10/25/2012 03:43 pm ET Updated Oct 25, 2012

Mar Gregorios Yohanna Ibrahim, Syrian Archbishop Of Aleppo Says Religion Can Play Positive Role (VIDEO)

NEW YORK -- Saying that his people are "suffering day and night" and don't see "any light at the end of this tunnel," the Syrian Orthodox Archbishop of Aleppo, Mar Gregorios Yohanna Ibrahim, visited The Huffington Post on Thursday to offer his take on solutions to the ongoing violence in his nation.

Ibrahim, who leads Orthodox Christians in the Syria's largest city, has been visiting the U.S. and other nations to appeal for humanitarian aid and international diplomacy in hopes of stopping the civil unrest in Syria, where Christians make up about 10 percent of the 22 million majority-Muslim population.

The conflict in Syria, which has led to tens of thousands of deaths, arose after a government crackdown on democratic demonstrations that began last year during the Arab Spring. The fight is mainly between the regime's army, led by President Bashar Assad, and those who want to overthrow it, the Free Syrian Army. The government is dominated by Alawites, a Shiite sect, while the opposition is controlled by Sunnis. Caught between are the nation's Christians, who the government has said will not be supported under the opposition.

"The main important thing is that Syria cannot remain as it is now because it is an important country in the Middle East and if no solution comes to Syria, it might bring a very sad event for the whole region. My mission and my plea will be the importance of having a concrete, comprehensive plan for the future," said Ibrahim in a meeting with HuffPost Religion. "What we need is security, stability, prosperity, peace, fraternity. This is what we need because we come from different religions and all the teachings of these religions are pushing us to do something for the benefit of human beings."

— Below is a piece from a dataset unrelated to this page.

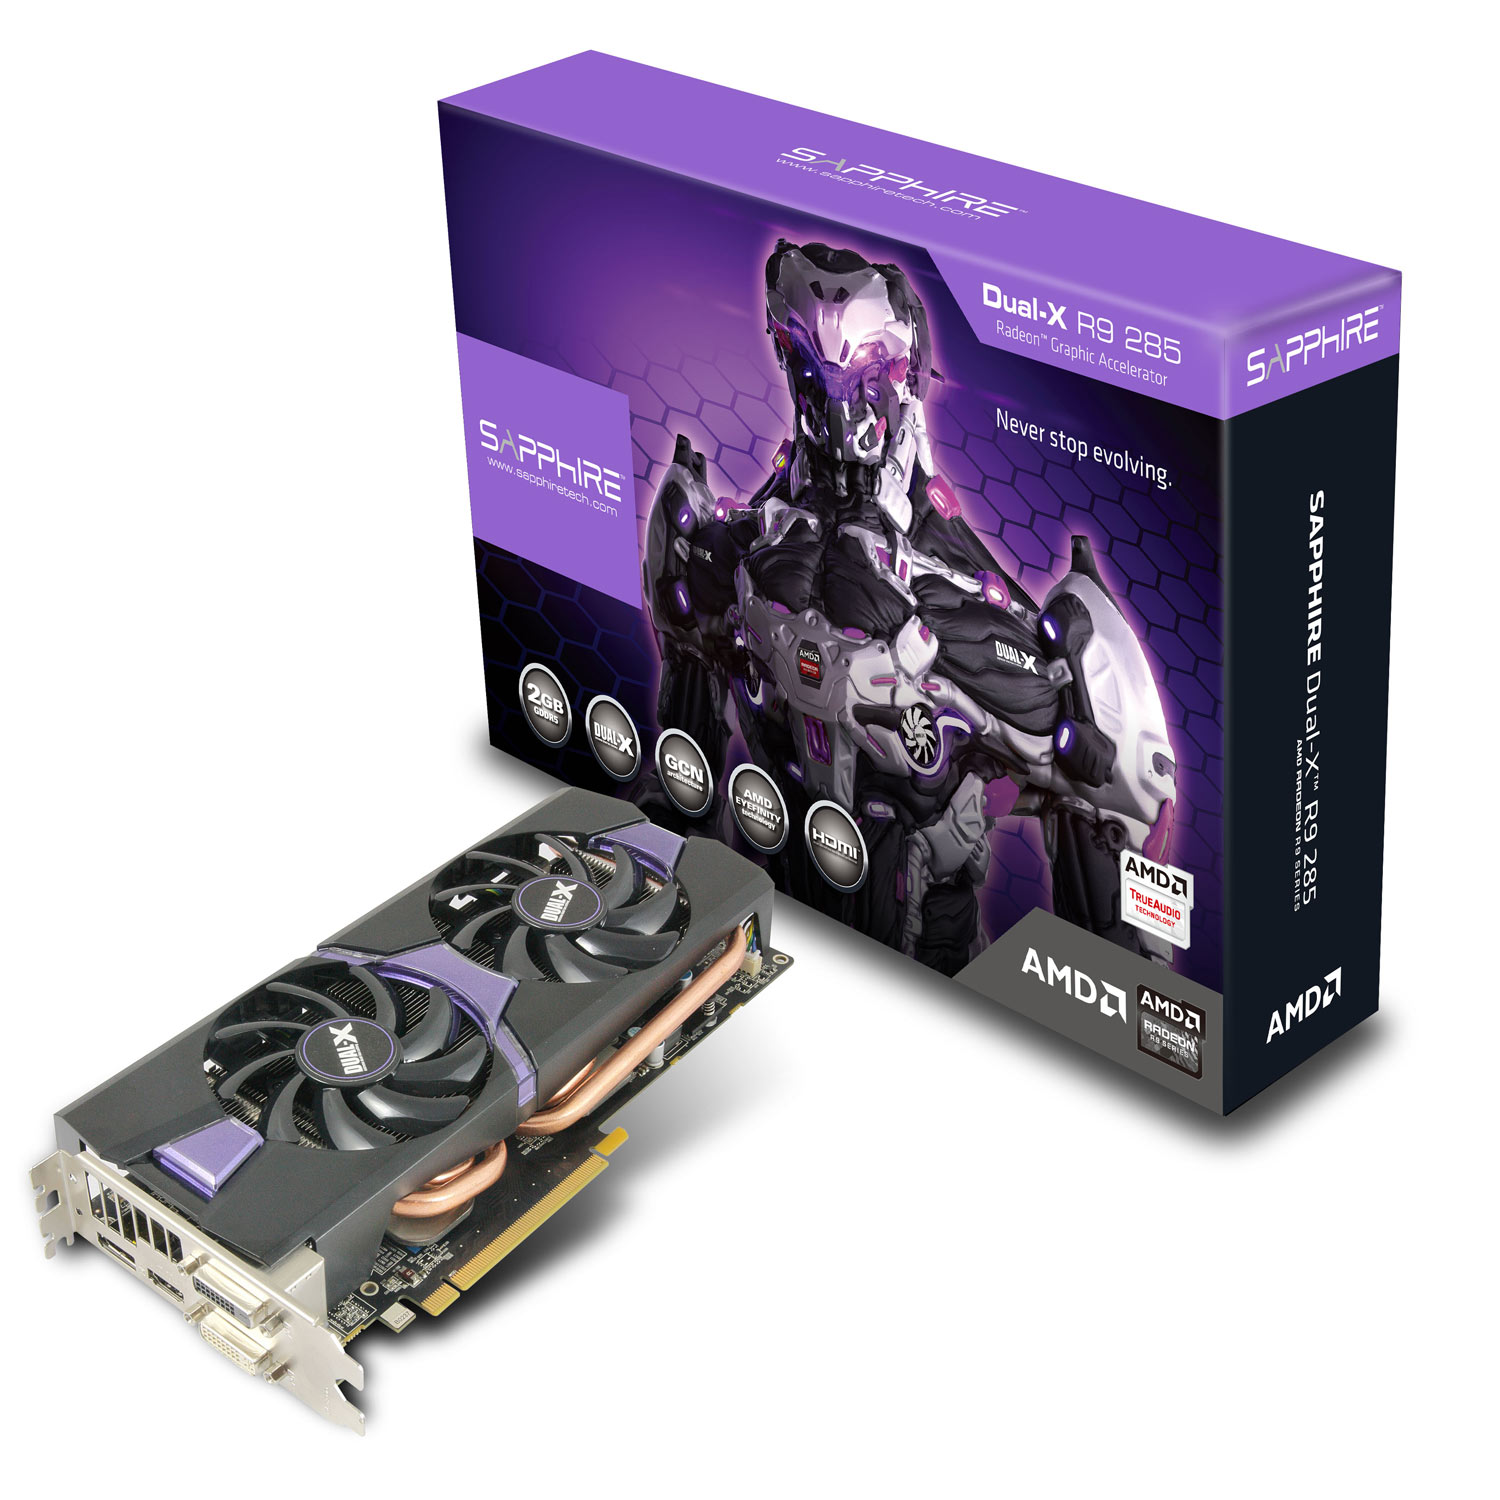 Immagine pubblicata in relazione al seguente contenuto: AMD riduce il prezzo della video card Radeon R9 285 | Nome immagine: news22546_SAPPHIRE-Radeon-R9-285_1.jpg

On Thursday, rebels took control of key areas in Aleppo, a battleground city near Turkey that has a significant Christian population, and the Syrian government agreed to a four-day ceasefire in observance of the Islamic holiday of Eid Al-Adha. Two days before, the Vatican announced that it had delayed a peacemaking group's trip to the region. The group, which was to include Archbishop of New York Timothy Dolan, has not been rescheduled.

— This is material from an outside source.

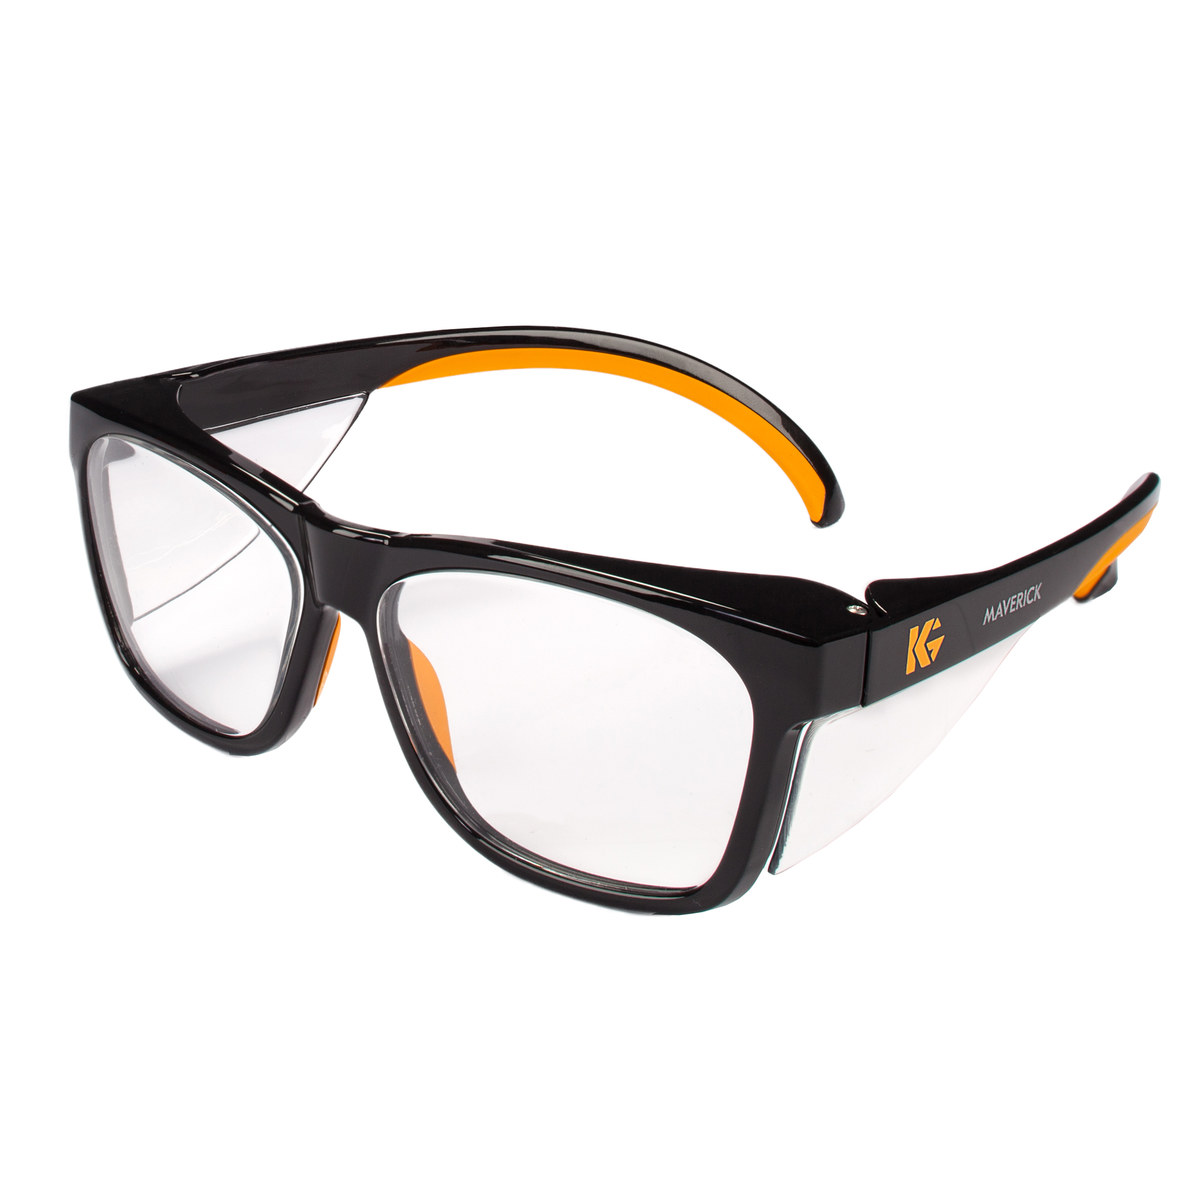 universal, Gafas protectoras gafas protección lateral seguridad páginas claras señales

"We have to be sure this is accepted by all the parties, not only the government," Ibrahim said about the ceasefire, which is supposed to begin Friday, though it's unclear if either side will abide. "Yesterday, (rebels) occupied the complex where I have a school. It means they are not far from the city center."

While strife between religious groups is taking place, the archbishop stressed that he believes most Syrians believe in peace between religions and freedom of religion. Violence and suppression of religious freedom are "not the teachings of religion, it is the interpretation of religion which sometimes comes from fanatics, closed minds or ignorance,” he said. “And we have it. We have to acknowledge, from both sides, that we have those who cannot really see what are the depths of religion concerning peace and coexistence.”

"If you take the Quran, take the Gospel, you will not see something that says to do something against the others. It's all for peace and tranquility of the human beings," he added.

But Ibrahim said he is praying that his city does not continue to fall to the rebel forces.

"Aleppo is the second most important city in Syria....If you go out of Aleppo, it is occupied by the Free Syrian Army. This is something that has to do with the whole future of the district. Now, they are planning to capture the citizens, which is important. Now, after that, everything will be collapsed," he said. "You will not find the government, you will not find anything there, and (rebels) will go in and control it. That will bring many sad things for the future."

When the conflict ends, the archbishop said he believes one of the most important points of agreements between different sides will need to be over preserving the nation's religious diversity.

"The energy, the goodwill, the efforts of the all the Syrians coming from different backgrounds will help very much to rebuild Syria...Syria is not Iraq, is not Egypt, is not Libya. Those who are against any future are very tiny, a very small number," he said. "The coming constitution should mention all the rights of the religions. It should contain an opportunity to act in a positive way for all of society. And remember, we are a very religious society...I think religion can play a very positive way in the future of Syria."